Poster Presentation COSA-IPOS Joint Scientific Meeting 2012

Informational needs and deficits of Latinas diagnosed with breast cancer (#420)

Rosario Costas-Muniz 1 , Francesca Gany 1 , Julia Ramirez 1 , Thelma McNish 1 , Jennifer Leng 1 , Abraham Aragones 1
  1. Memorial Sloan Kettering Cancer Center, New York, NY, United States
BACKGROUND: There is limited research on the informational needs and deficits of Latino cancer patients. Patients’ knowledge levels influences their ability to participate actively in decision-making processes for medical care  and their ability to manage their condition to improve medical outcomes (Polacek, et al., 2007; Rust & Davis, 2011).
PURPOSE: This cross-sectional study explores the awareness of cancer staging of Latina breast cancer patients and examines what acculturative variables are associated with being unaware of cancer stage.

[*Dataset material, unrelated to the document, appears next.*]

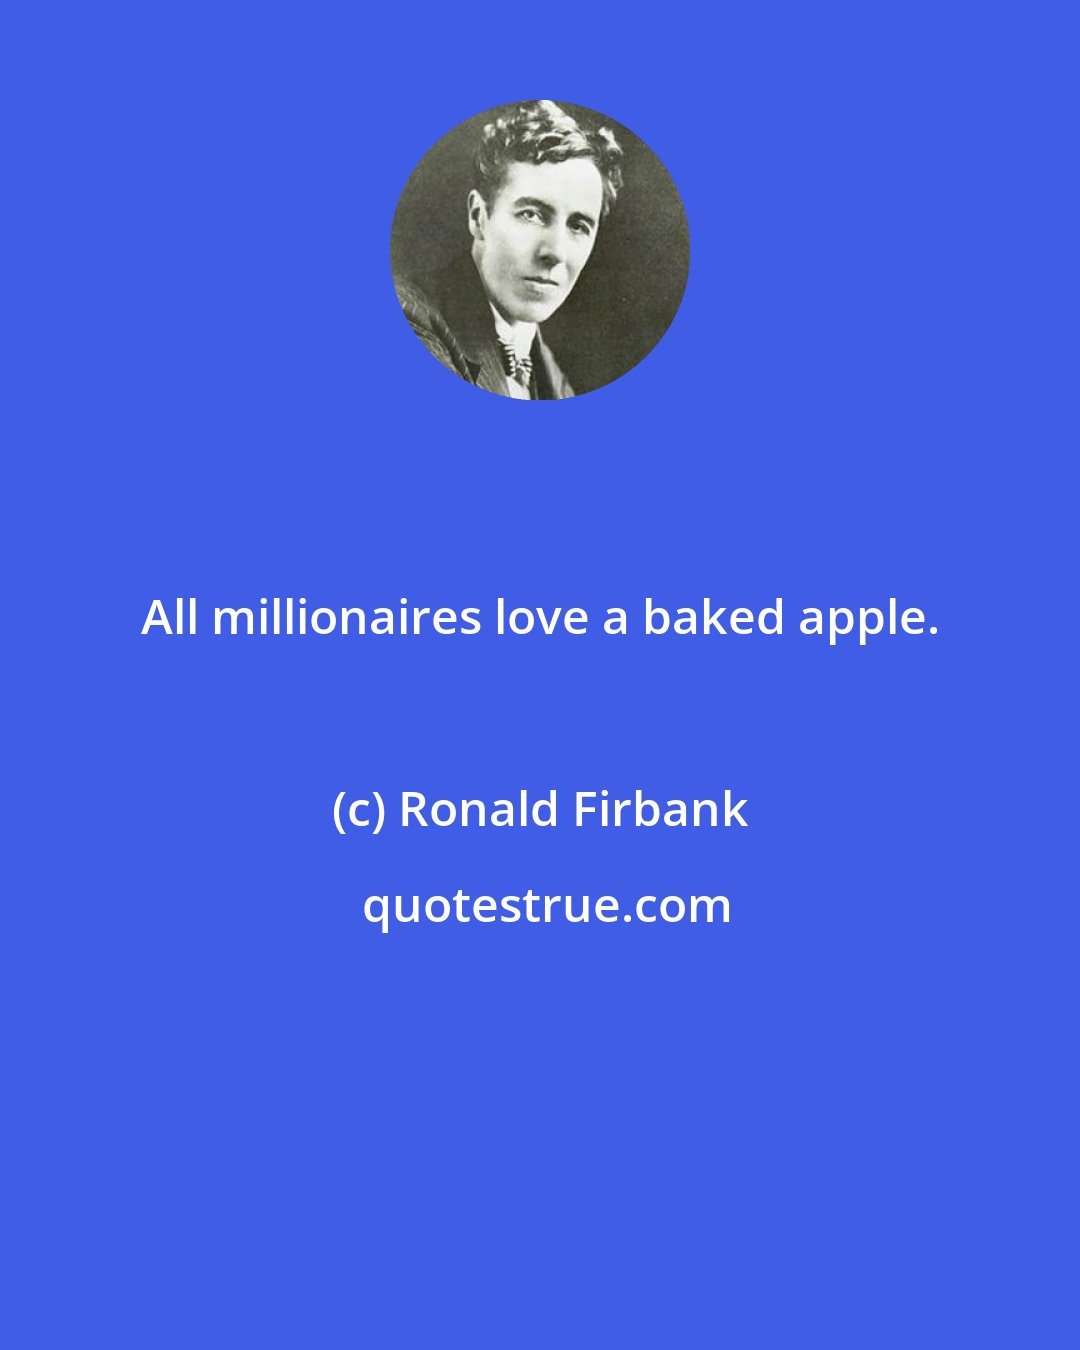 Ronald Firbank: All millionaires love a baked apple.

METHODS: A cross-sectional needs assessment was conducted with Latino patients in cancer centers of New York. The survey was provided in the patient’s preferred language. Descriptive statistics and logistic regression were conducted for the analysis.
RESULTS: One hundred and fourteen Latina breast cancer patients were recruited (age mean 55 years). Seventy-six per cent of the sample were monolingual in Spanish. Half of the patients were aware of their stage and 25% knew if their tumor had metastasized. After controlling for sociodemographic characteristics, being an immigrant with limited English proficiency (LEP) and monolingual in Spanish, were independently associated with both not knowing their stage and not knowing if they had metastatic cancer. Being unaware of the state of the tumor was also predicted by uninsured status, more recent immigration, needing interpretation for health care and having at least two comorbidities. Patients who were receiving chemotherapy were more likely to know whether their tumor had metastasized.
IMPLICATIONS: This study show considerably low levels of stage awareness among Latinas diagnosed with breast cancer. This lack of knowledge might adversely impact their treatment decisions and disease management. Further studies should focus on identifying why these patients lack this information and what other type of information they are missing. Patients may benefit from educational interventions aiming to empower patients to take a more active role and request more information about their disease.
  1. Polacek-Johnston, G. N. L., Ramos, M. C., & Ferrer, R. L. (2007). Breast cancer disparities and decision-making among U.S. women. Patient Education & Counseling, 65(2), 158-165.
  2. Rust, C., & Davis, C. (2011). Health literacy and medication adherence in underserved African-american breast cancer survivors: a qualitative study. Social Work in Health Care, 50(9), 739-761.
  3. Chen, Y. P., Tsang, N. M., Tseng, C. K., & Lin, S. Y. (2000). Causes of interruption of radiotherapy in nasopharyngeal carcinoma patients in Taiwan. Japanese Journal of Clinical Oncology, 30(5), 230-234.